Бади аз-Заман убежал. Олег прогулялся по еще горячему после долгого дня двору, сел по-турецки возле чаши с водой, от которой веяло хоть какой-то прохладой.
— А-а, северянин… — обрадовался хозяин, выходя из дома с большим черным мешком. — Так тебе сей обряд ведом? Ну, тогда и пояснять нечего.
Он открыл мешок, деловито выставил по сторонам от гостя четыре бронзовые пиалки с резным дном, сыпанул в них уголь, отошел к достархану и стукнул кулаком по ближнему столбу. Над двором покатился звонкий металлический звон.
— Это чтобы невольники не высовывались, — пояснил он. — А то вечно кто-то из стада высовывается в неподходящий момент.

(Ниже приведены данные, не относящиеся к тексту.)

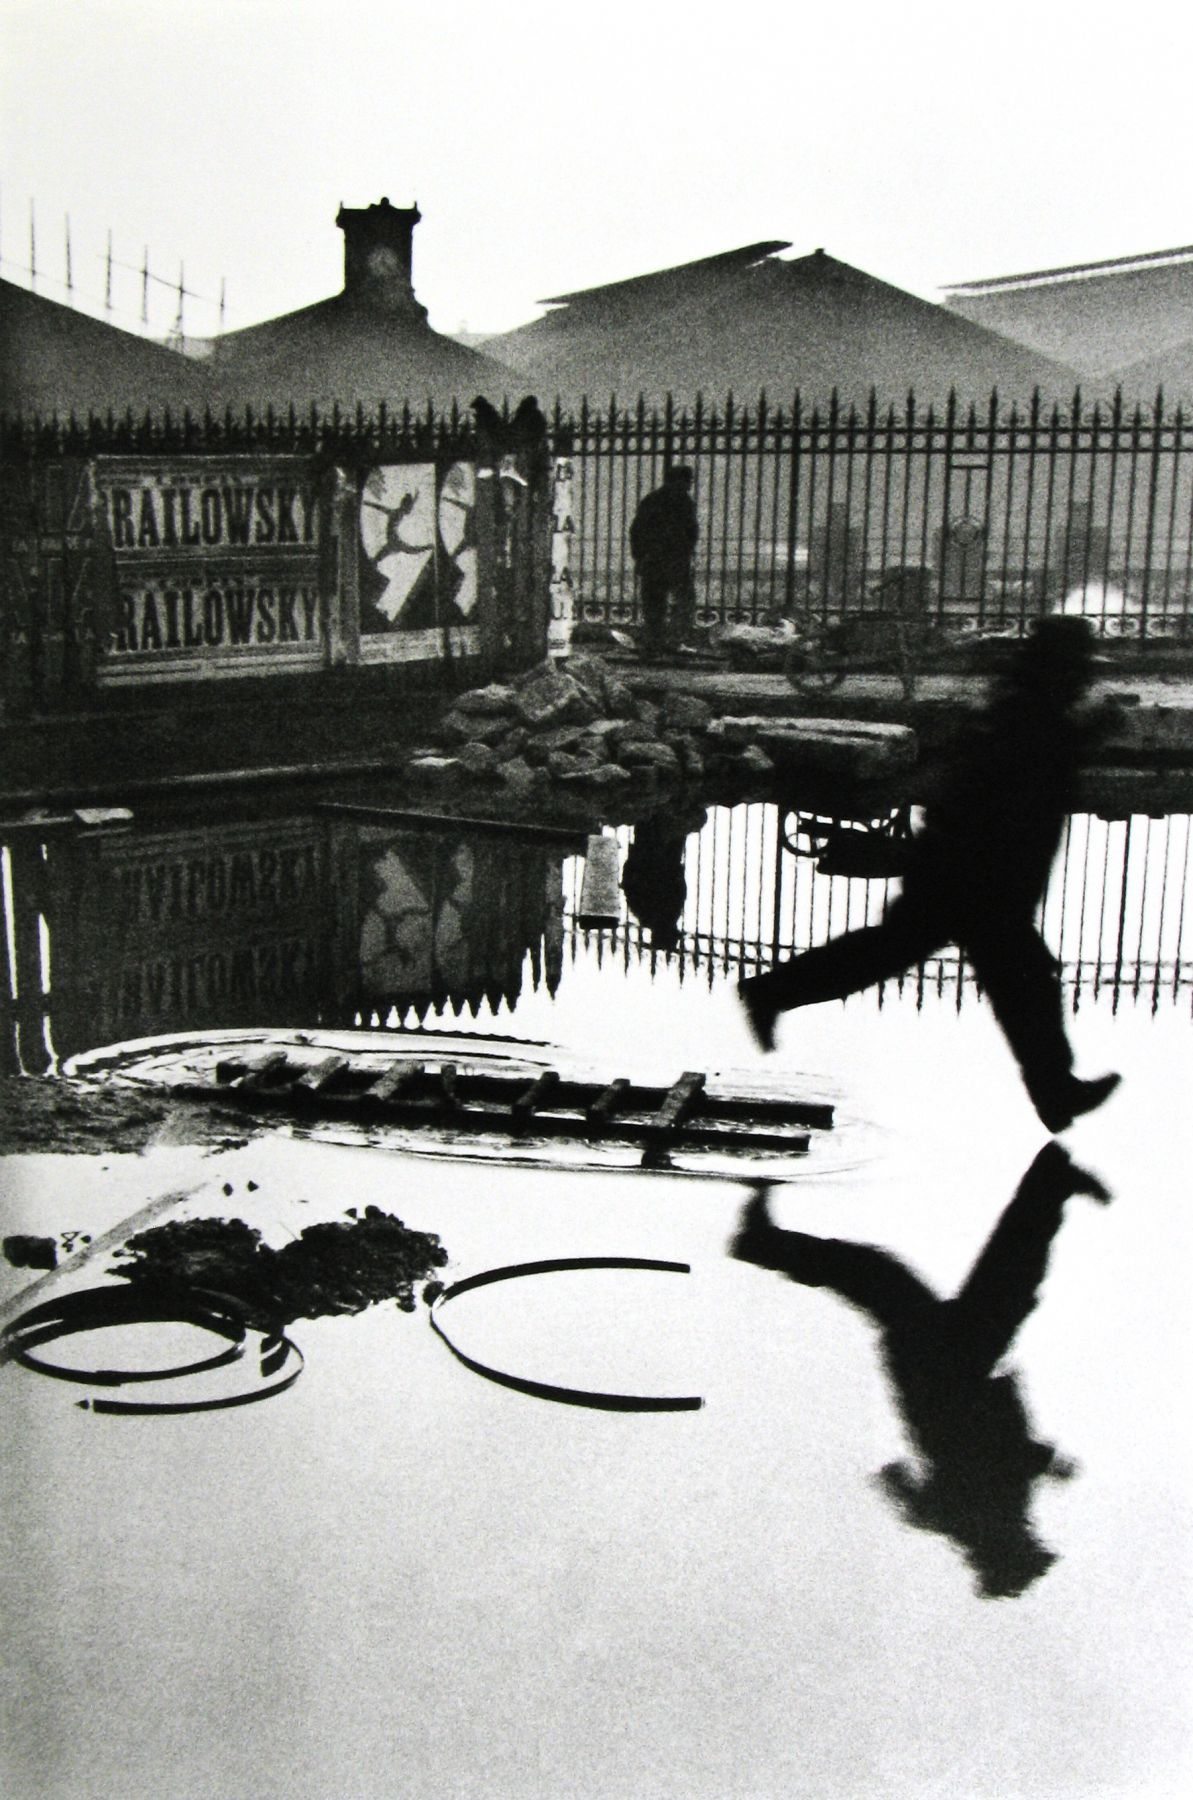 Henri Cartier-Bresson, Howard Greenberg Gallery, 2017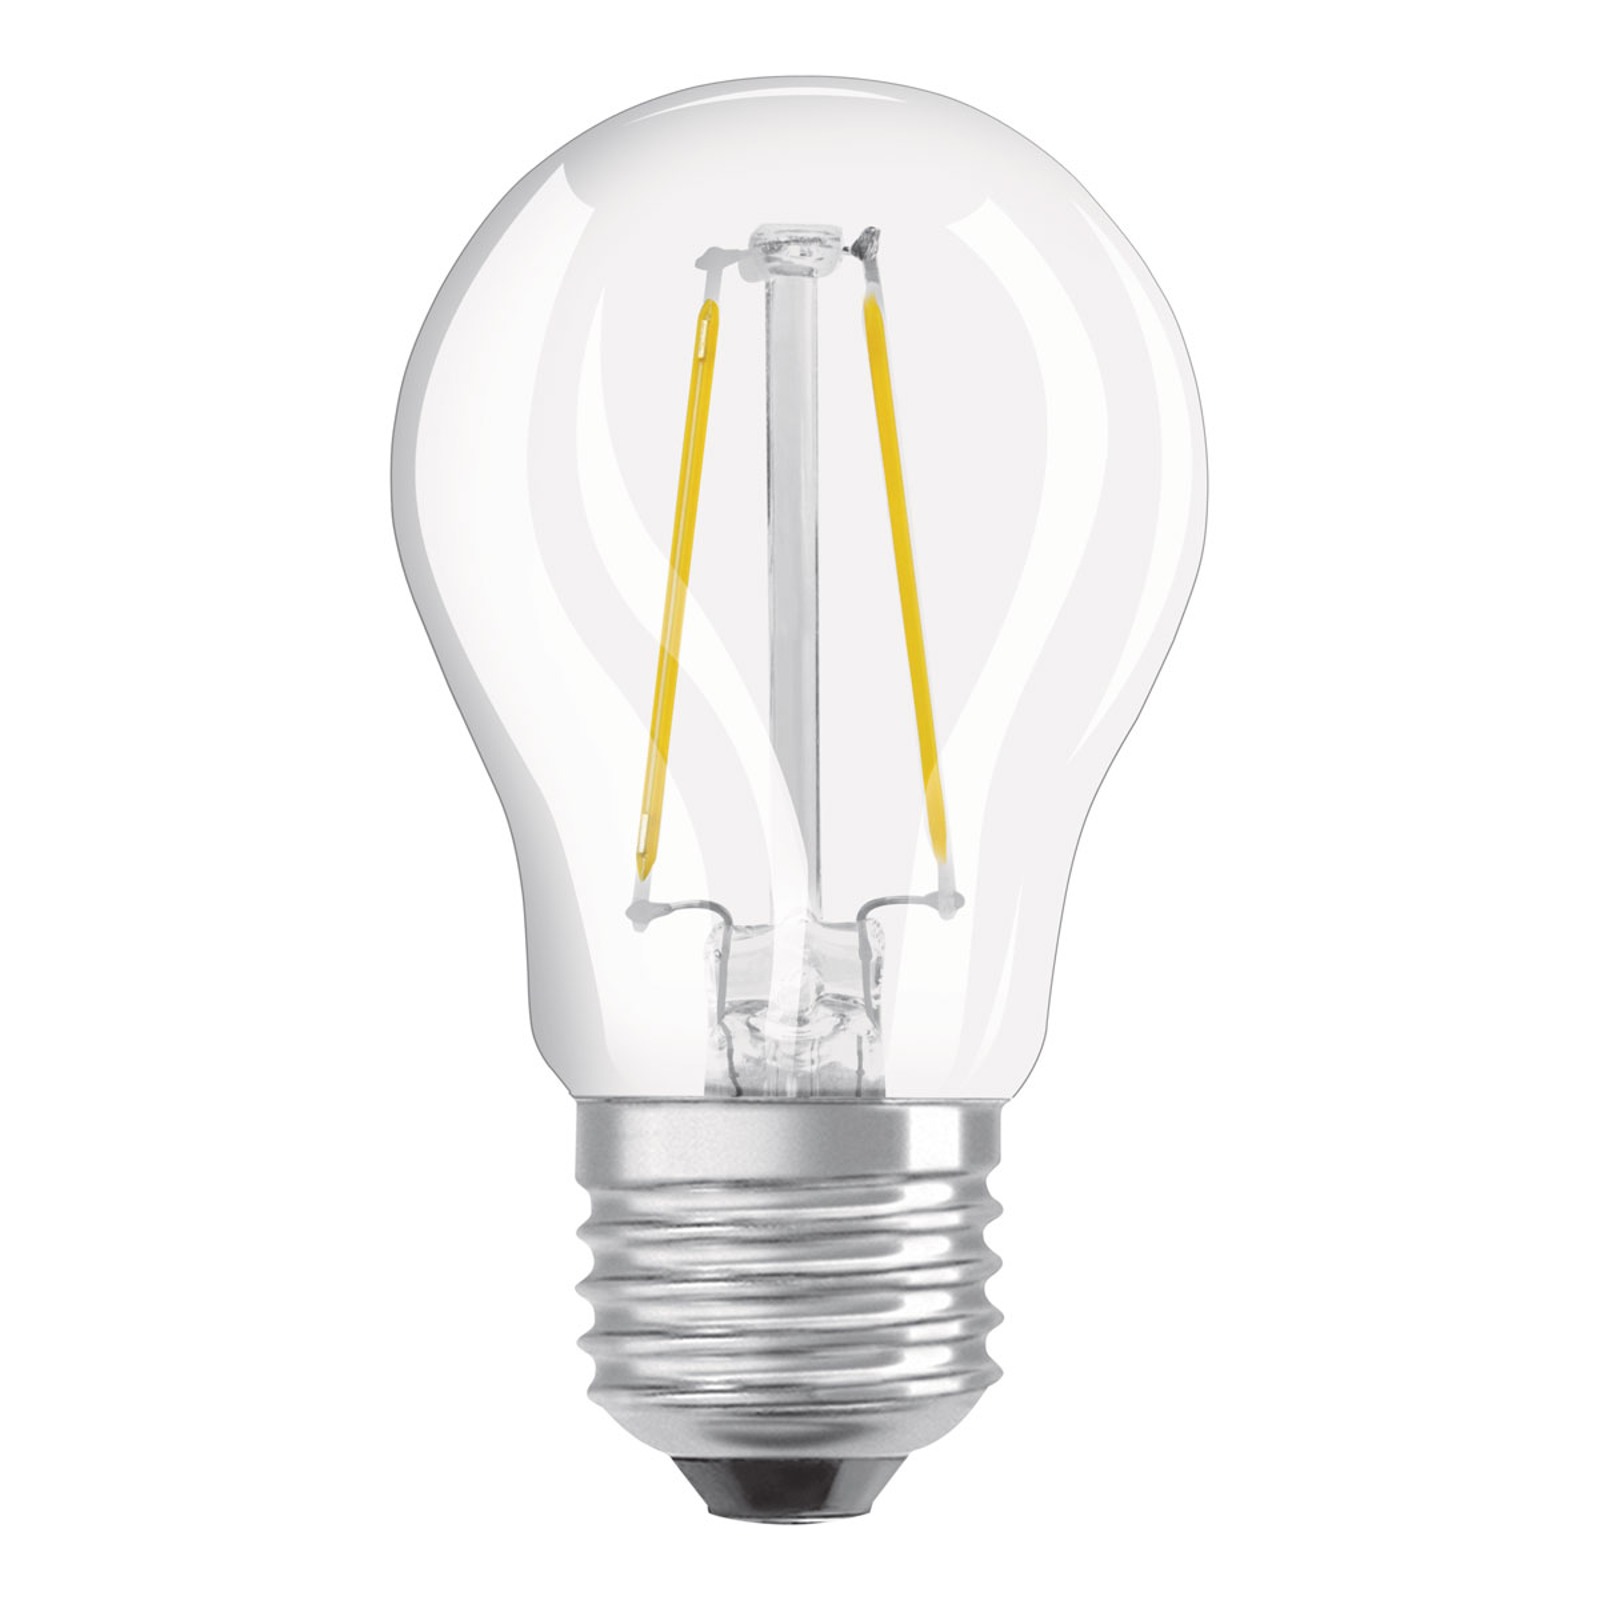 OSRAM-LED-lamppu E27 2,8W himmennettävä, kirkas

— Не боишься помогать бывшему рабу? — не выдержал Олег. — Вдруг и свои на свободу захотят?
— Тому, кто сам за себя борется, и помочь не грешно, — вполне серьезно ответил чародей. — А кто выю подставляет, на том ездить положено, а не помогать. Замолчи, отвлекаешь.
Бади аз-Заман омыл лицо из чаши, опустился на колени, стукнулся лбом о пыльную землю:
— Всевидящий и милосердный, тебя о прощении молю, ибо труд мой грешен. В тебя одного верую, тебя о снисхождении молю. Не по сомнениям душевным, а лишь хлеба насущного ради…
Чародей поднялся, снова омылся из чаши, повернулся к беглецу:
— Итак, начнем смывать твой облик…
Он зачерпнул из чаши воду, вскинул ее вверх. Горсть разорвалась на мириады капель, плавно осела вниз. Олег мгновенно промок насквозь, чувствуя, как ледяные капли скатываются по спине, по волосам, лицу.
Бади аз-Заман воздел ладони к небу и заговорил на мертвом языке. Это означало, что самого интересного Олег будет лишен: он не поймет ни единого слова из используемых заклинаний. И, естественно — ничего не запомнит.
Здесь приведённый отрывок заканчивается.